The UPF specifies that machine-independent algorythms be encapsulated within
the stored media. This "Rosetta stone," inscribed with maps for reassembling
the digital information archived on the storage media, would serve as a
universal translator.
Should the UPF require that the source code used to read data be
encapsulated in the storage format? Or should a Recommended Practice allow
the option of storing the Rosetta stone as a separate file that might be executable
code but would be required to operate on a set of specified platforms?
Should the UPF recommend a list of specific file formats that would be defined
by the Rosetta stone?
Related to the Rosetta stone is the issue of platform independence. In respect to a digital archives, how important is platform independence to the concept of a digital preservation format? Is this a "wait and see" issue, or should the UPF make a definitive statement on the requirement of platform-independence?
Several initiatives or digital projects include the concept of a universal identifier, which is analogous to the relational database concept of a unique identifier or an Internet URL. The UPF takes for granted the requirement that each object within a digital archive contains a unique identifier. Key question remain: how should this identifer be used for archives? Should there be a central registration body for these identifications? At what level should material be tagged? Or should there be a standard code representing multiple cataloged levels, followed by more specific or individual codes? Should the unique identifiers be allocated to a standardized area of storage, such as a specific part of the storage media header or TOC?
In our first user survey, reliance on a technical staff and expense of maintaining one were specifically mentioned as major concerns. Tight budgets may require that new staff have skill sets that may stretch across domains. What is the solution for organizations with limited human resources to maintain a wide range of skills? What are the implications of technical expertise upon a universal preservation format, or upon any techincal standard adopted for digital materials? What would be the process for "updating" the Rosetta stone? Another way of asking this question: Should a Recommended Practice advocate technological "Ease-of-Use"?
As we presented our initiative to groups concerned with preserving analog media, we grew aware of a crippling gap between the language used by archivists and the language adopted by digital communities. Words casually chosen by digital initiatives often have deep analog roots. As a result, we wish to preface any Recommended Practice with a glossary of terms that might help bridge the analog-digital domains. Terminology might include the following:
Access Indexing Header Information Storage Tape Migration Data Tape Preservation Platform Format Operating System File Algorythm Data Stream Program Metadata Information vs Data Database Query Language Source codeWhat other terms should we include, and what should be the basis or sourcebook for defining them?
Because this initative has become a SMPTE study group, some professionals working primarily with electronic records feel that the UPF is strictly an initiative dealing with the archiving of moving images. We try to stress that the adoption of a UPF framework would benefit all types of digital information. Do you think that electronic records are inherently different from multimedia in terms of a storage format or framework?

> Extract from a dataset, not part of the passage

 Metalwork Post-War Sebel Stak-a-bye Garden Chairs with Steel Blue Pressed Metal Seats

One of the points we try to emphasize in our presentations to archivist groups is that the UPF would help carry on the traditional practices of archivists and librarians by providing a robust, easily expandable framework for digital materials. For example, by incorporating such concepts as unique identifiers and by "gluing" certains kinds of cataloging information to the stored media, we hoped to perpetuate the two principles that are the foundation of standard archival practice: Provenance and Original File Order. We also realize that many variations of these practices have evolved, and that no two archives will follow the same guidelines. So the question here relates to the natural migration of practices: are archiving practices standardized enough to be used as a model or metaphor for designing digital archiving practices? Or is it permissible to explore entirely new methods?

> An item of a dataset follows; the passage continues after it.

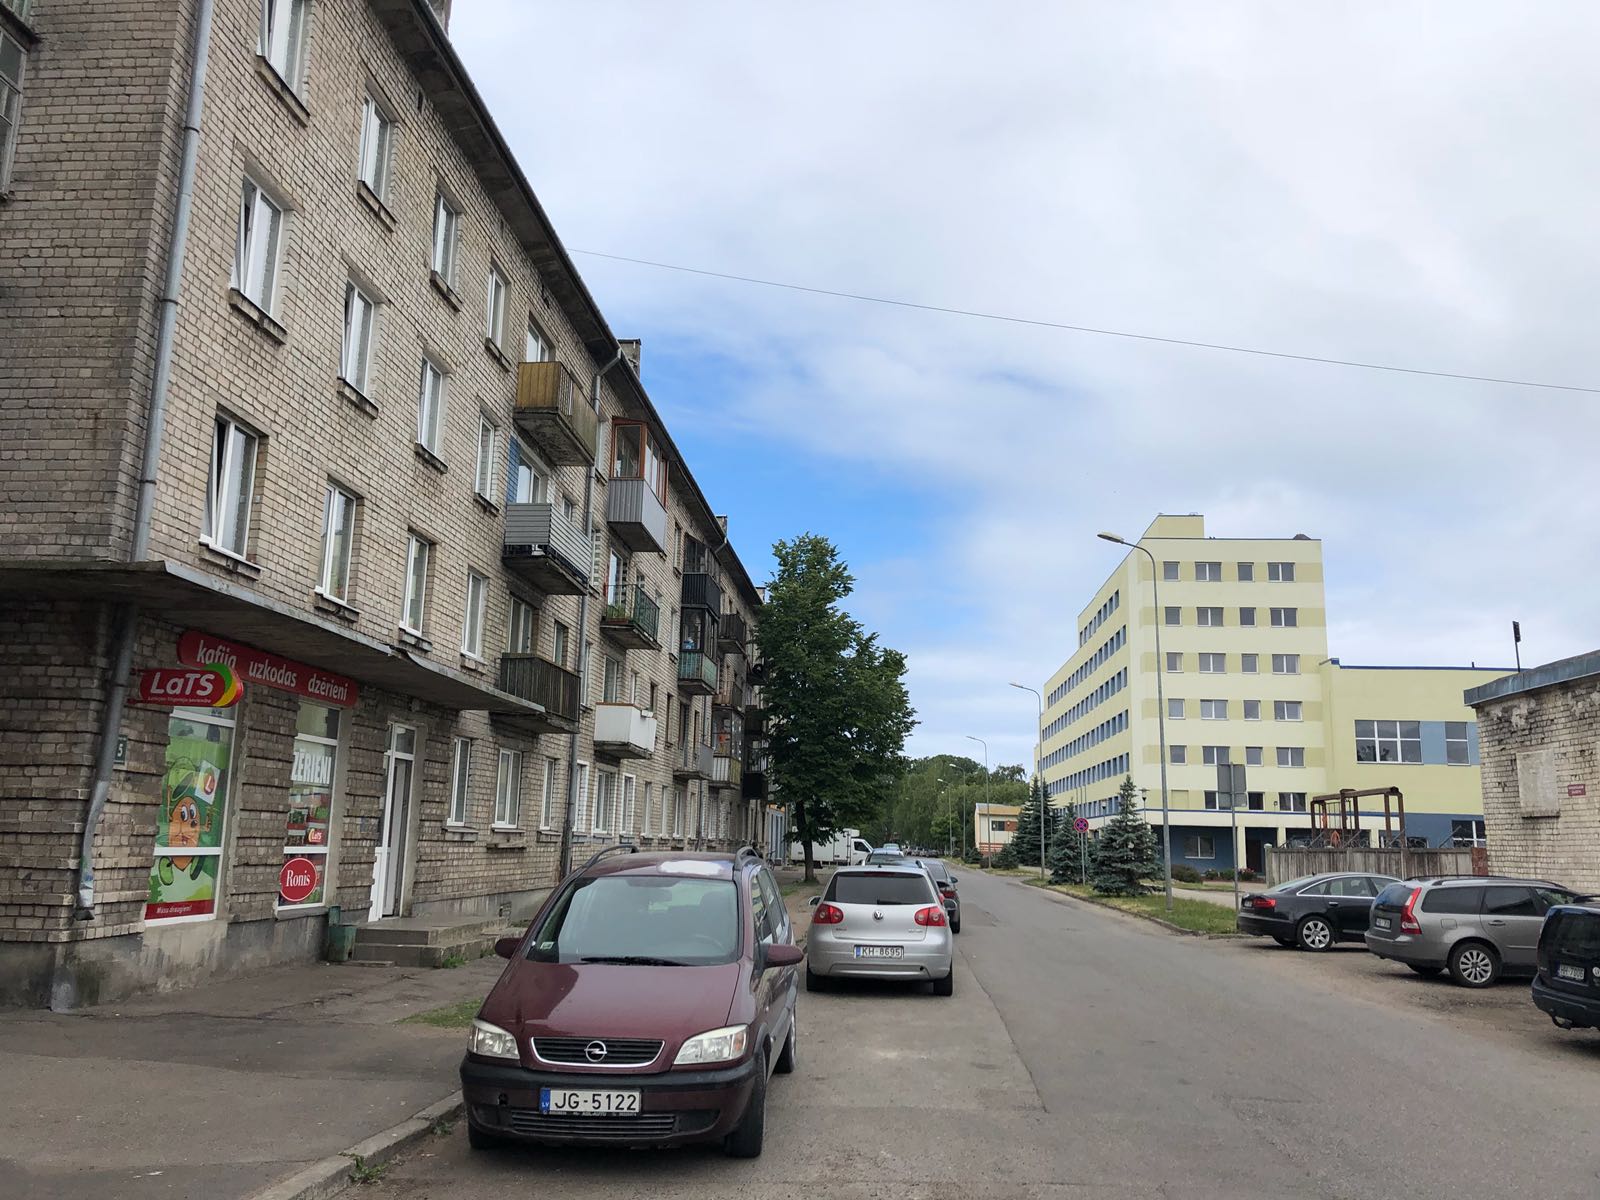 2-room apartment in the center of Liepaja

Storage technology evolves at a dizzying pace.
Recently, for example, we have looked
at PaperDisk from Cobblestone Software,
technology that prints digital information on plain paper through a common
laser or inkjet printer, then reads it back into a computer through a standard
flatbed or hand-held scanner. The potential for this type of technology is
enormous. Paper lasts a long time, but imagine using this technology with
material that has an even longer lifespan. We have also heard about using DVD
as an archival storage medium. Perhaps most exciting is the technology called
"HD-ROM," developed by Los Alamos National Laboratory and licensed and sold by
Norsam Technologies, which holds "650 GB, 47,000 images on a 2-inch disk."
With planned enhancements, the Norsam HD-ROM may permit up to
12 terabytes of storage per 4 3/4-inch disk.

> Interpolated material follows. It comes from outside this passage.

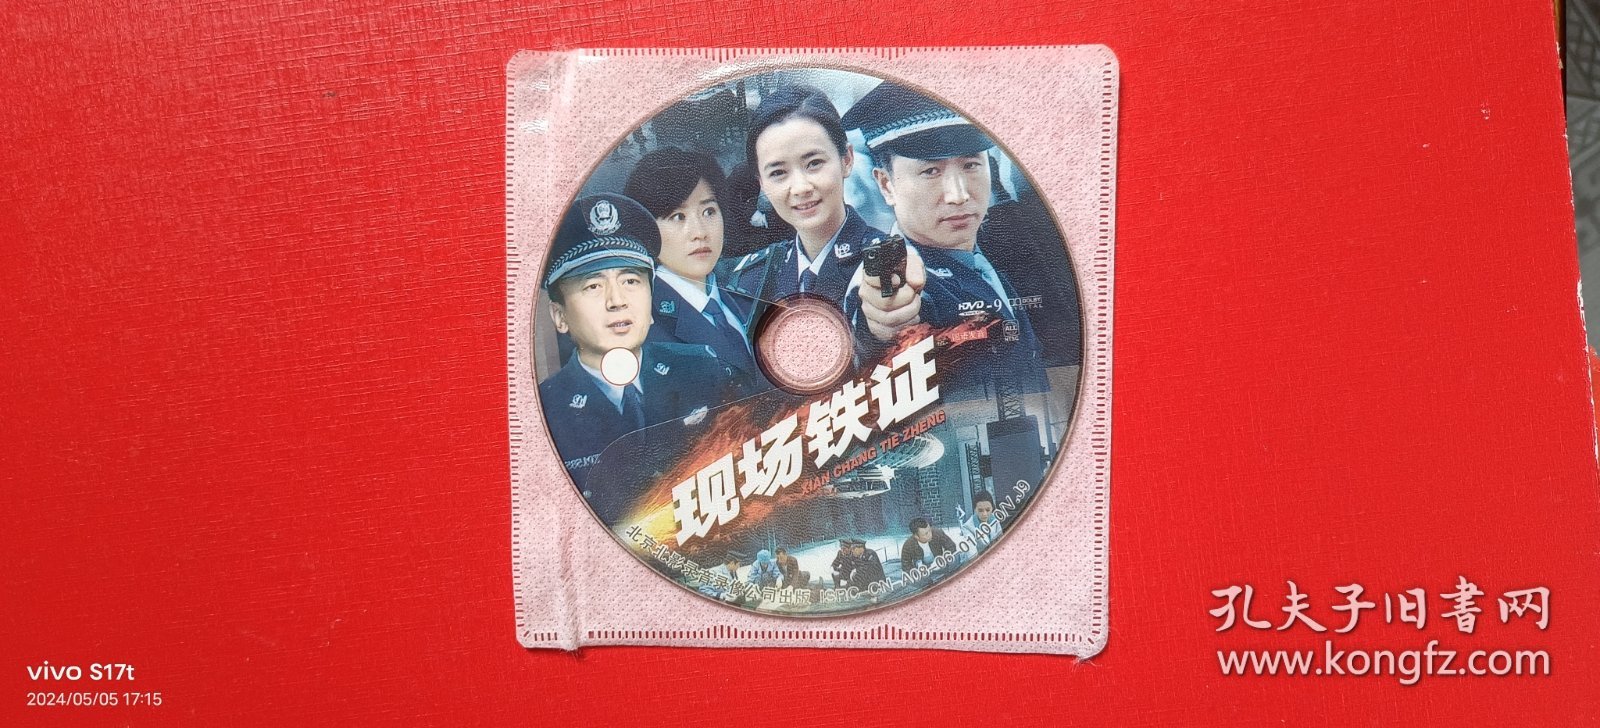 DVD-9 现场铁证

http://www.entmag.com/archive/1997/may07/050705.html-ssi
That stated, do you feel that the available technology is adequate to address
the problem of digital storage? Or might we adopt a straw dog strategy to
illustrate how the components of a UPF might be employed over various storage
technologies? Also, can the same standard be applied to multiple storage types
on a single media as to simple tape to tape storage?
When the problem of physical storage is resolved, does compression cease to be
an issue for archival storage? In other words, if a physical storage media can
be virtually limitless, then why not store everything in uncompressed format?
Or are there other issues to consider, such as speed of retrieval?